Tech Death Thursday: Dysylumn
Walk with me in darkness. This is Tech Death Thursday.
Firstly, the ñews:
- Serocs’s third full-length, And When The Sky Was Opened, has been announced for a November 27th release date. Check out “Itami” for a taste of what’s to come.
- Artificial Brain have been added to the second part of the Indiemerch 10th Anniversary Tour, alongside The Black Dahlia Murder, Goatwhore, Iron Reagan, and Entheos. The full list of dates for both legs of the tour can be found here.
- Avant-garde weirdos Spires of the Lunar Sphere have an album coming September 25th. Check out “4 Bears” and “BERZERKER CLOUD” at their Bandcamp. Brace for chiptunes and squealing guitars.
- Zillah have announced their third album, Serpentine Halo, will be out on October 2nd. Stream “Made Flesh and Bone” over at NCS. If you’ve been interested in skronk but are turned off by the general lack of melody, then this one might be for you.
- If you wish Ovid’s Withering were a little more proggy and a little less child molestery, check out Foreboding Ether’s new track, “Education and Catastrophe.” Dunamis will be available, uh, eventually I guess.
- Asterion, who like ancient Greece almost as much as Kronos, have a new album out via Bandcamp.
- I somehow missed that Sceptic’s full 2015 demo went up last month. Check it out here while I flagellate myself in
- Newcomers Fractal Generator have a new song streaming over at NCS. “Face of the Apocalypse” leans more towards the brutal death side of things than tech, but more in a Kronos kind of way than a Visceral Disgorge sort of way. If that sort of thing floats your boat, butters your biscuit, and/or tickles your pickle, then look for Apotheosynthesis on October 2nd. (h/t Jack Bauer)

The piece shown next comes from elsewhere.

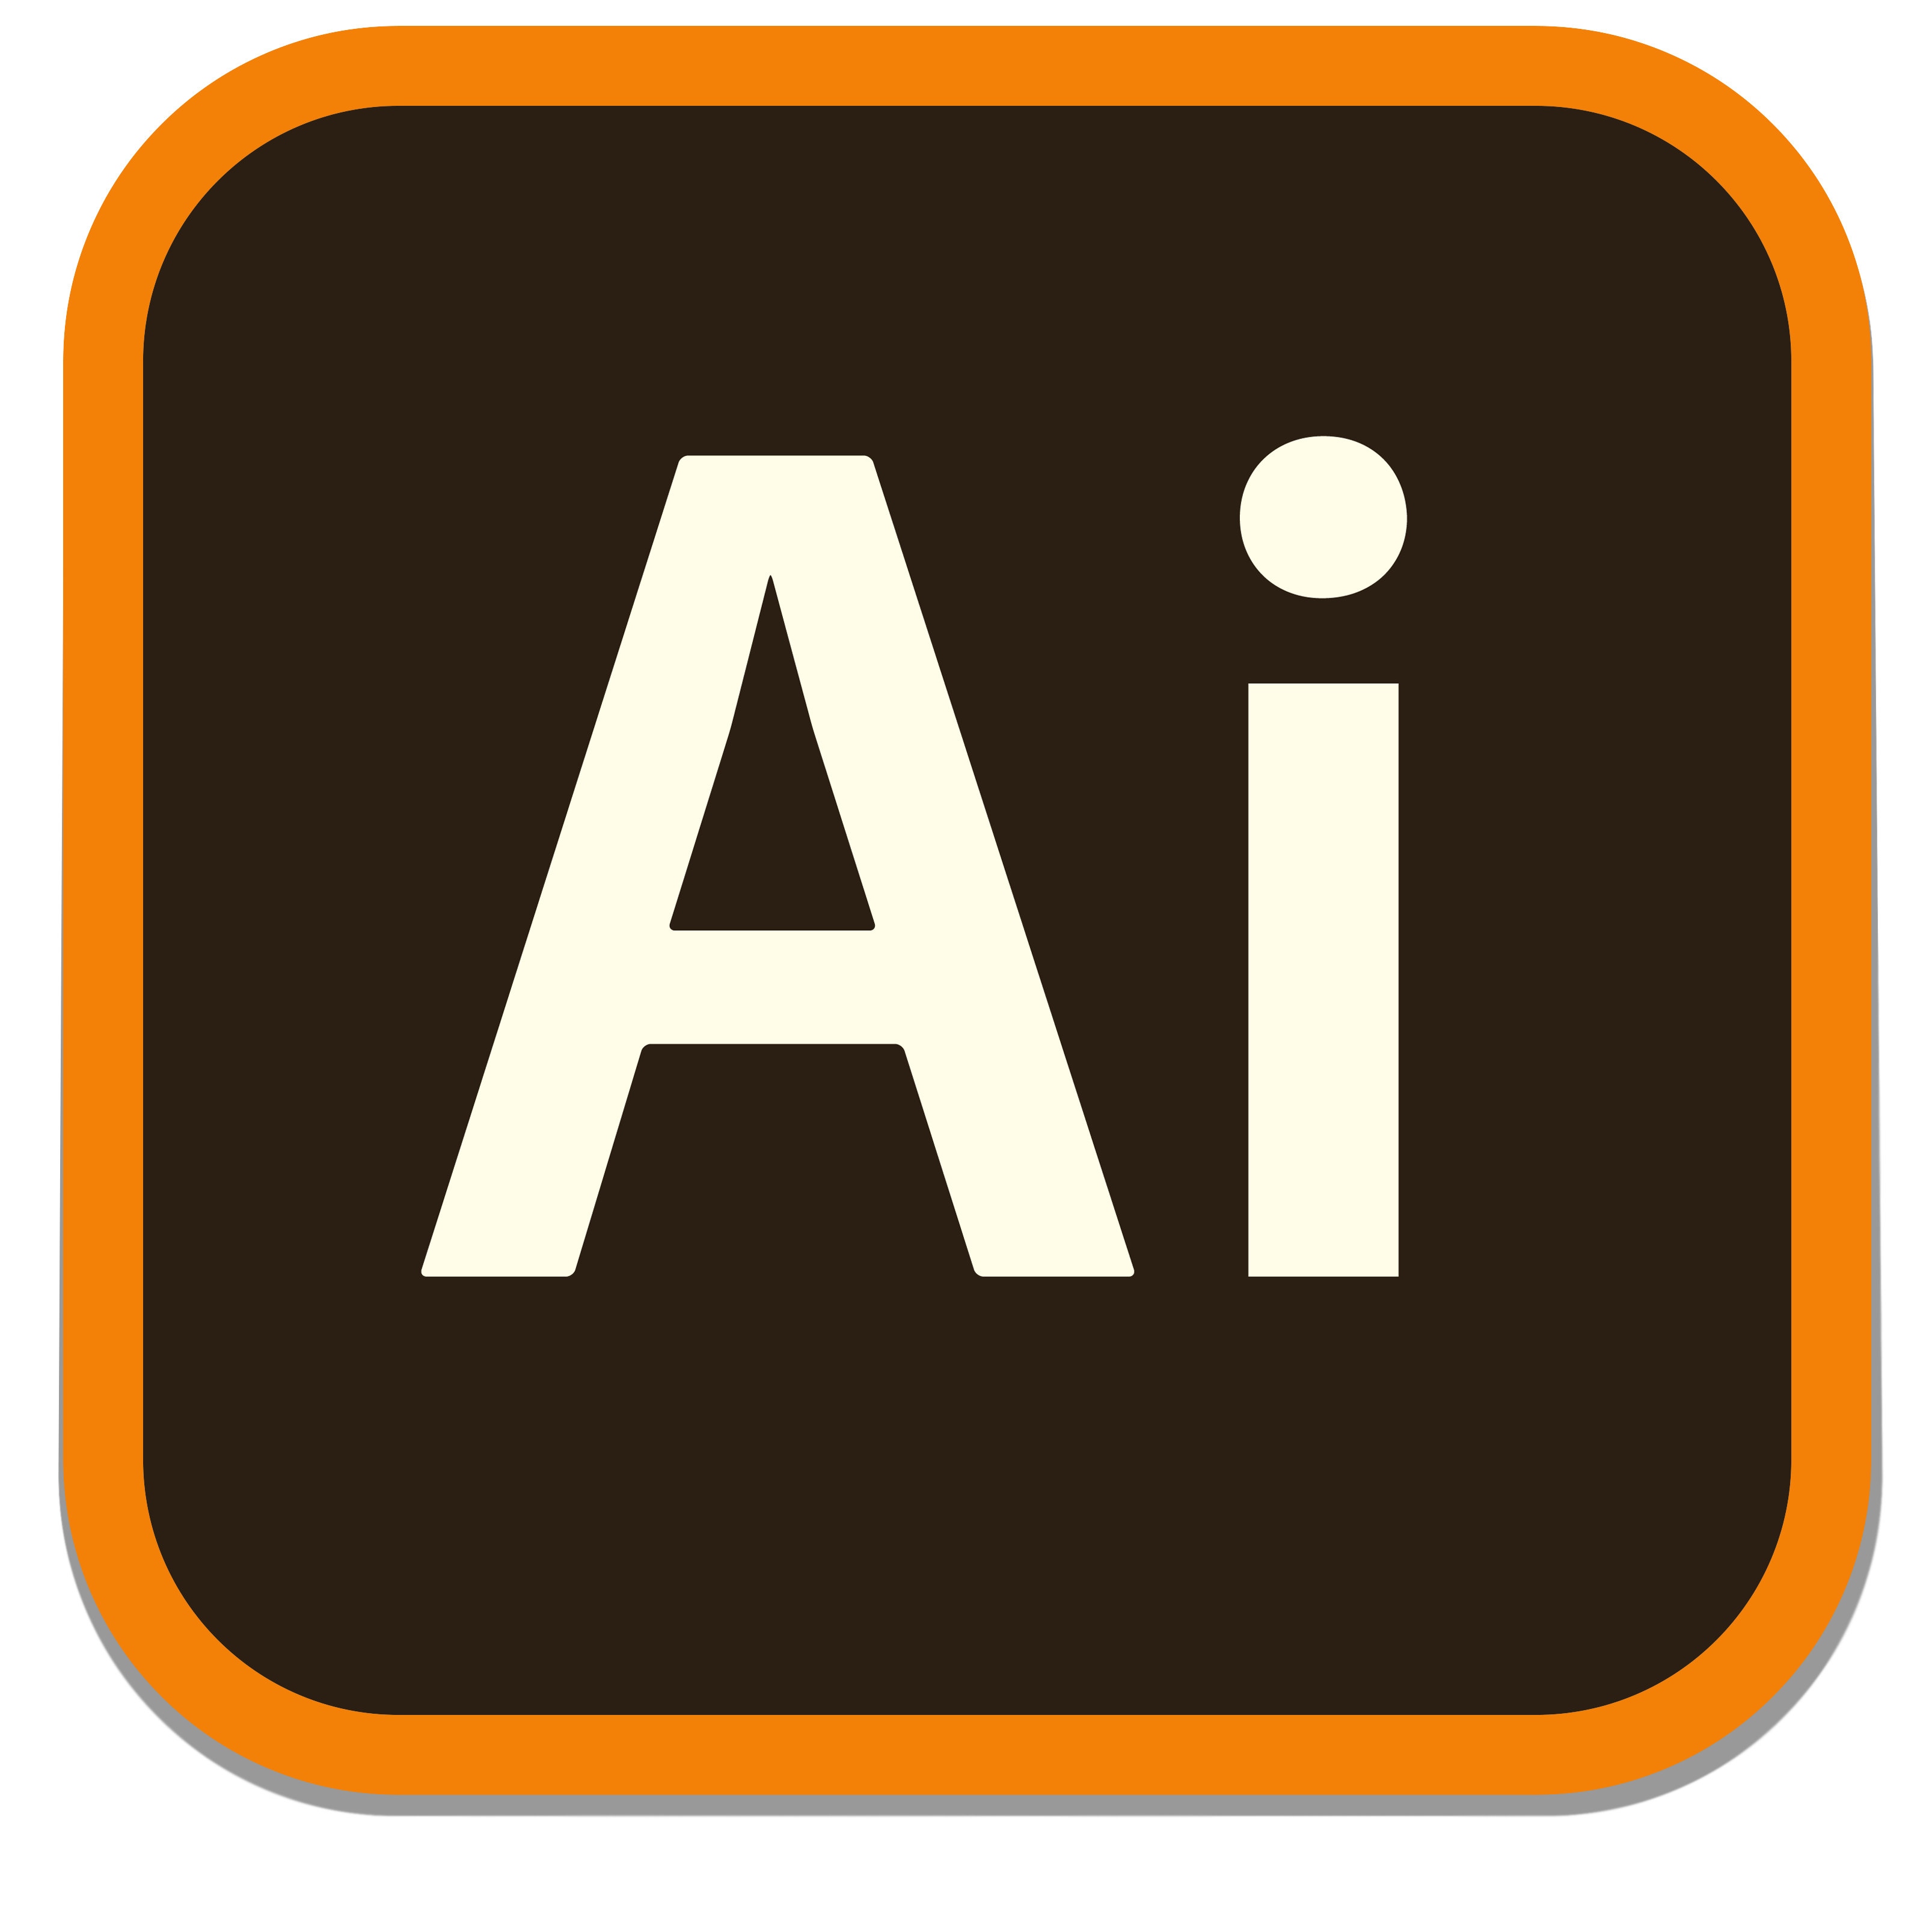 Ai icon. Значок Adobe Illustrator. Adobe иллюстратор иконка. Adobe Illustrator логотип PNG. Адобе иллюстратор ярлык.

Don’t let that cover art throw you off; though it’s full of shit flying through space, it’s not purple shit flying through space. Dysylumn got their start as a tribute to a fallen loved one, and their austere origin shows in their music. Their subdued brand of progressive death metal carries a lot of weight, echoing the quieter moments of Gorguts and Anata (“Children’s Laughter” comes to mind) without exactly mirroring them. The overall mood of the album is somewhere between melancholic black metal and doom, but juxtaposed in a tech death setting to surprising effect.
Subtlety is the name of the game on Conceptarium. While most tech death bands create tension by hurling a dizzying array of notes at the listener, Dysylumn do it purely through composition. While there’s almost always motion on one guitar, the other is playing chords or melodies that create a touch of dissonance, just enough to cause some discomfort. For the most part, the riffs on Conceptarium are actually pretty slow, only ever reaching sustained speed on “Cauchemar” and “Réveil.” The drums are the primary driving force here, blasting their frantic desperation under the calm exterior of the guitars.
Of course, all of this would be for naught if the production didn’t match. A super clean approach would dampen the impact significantly; thankfully, they opted not to go that route. The guitars are warm and mellow enough that the dissonant aspects don’t grate against the ears, but have enough crunch that the riffs don’t lose their edge. Though I’m not the best judge of this, but the drums don’t sound overly triggered; if nothing else, they are much less mechanical-sounding than many other tech bands. The vocals are awash in reverb, swelling into earshot but never into focus, always in a haze atop the rest of the instruments. All of these elements come together to form one of the most complete and cohesive albums in the spheres of tech death, and it’s an especially impressive debut album from the French two-piece.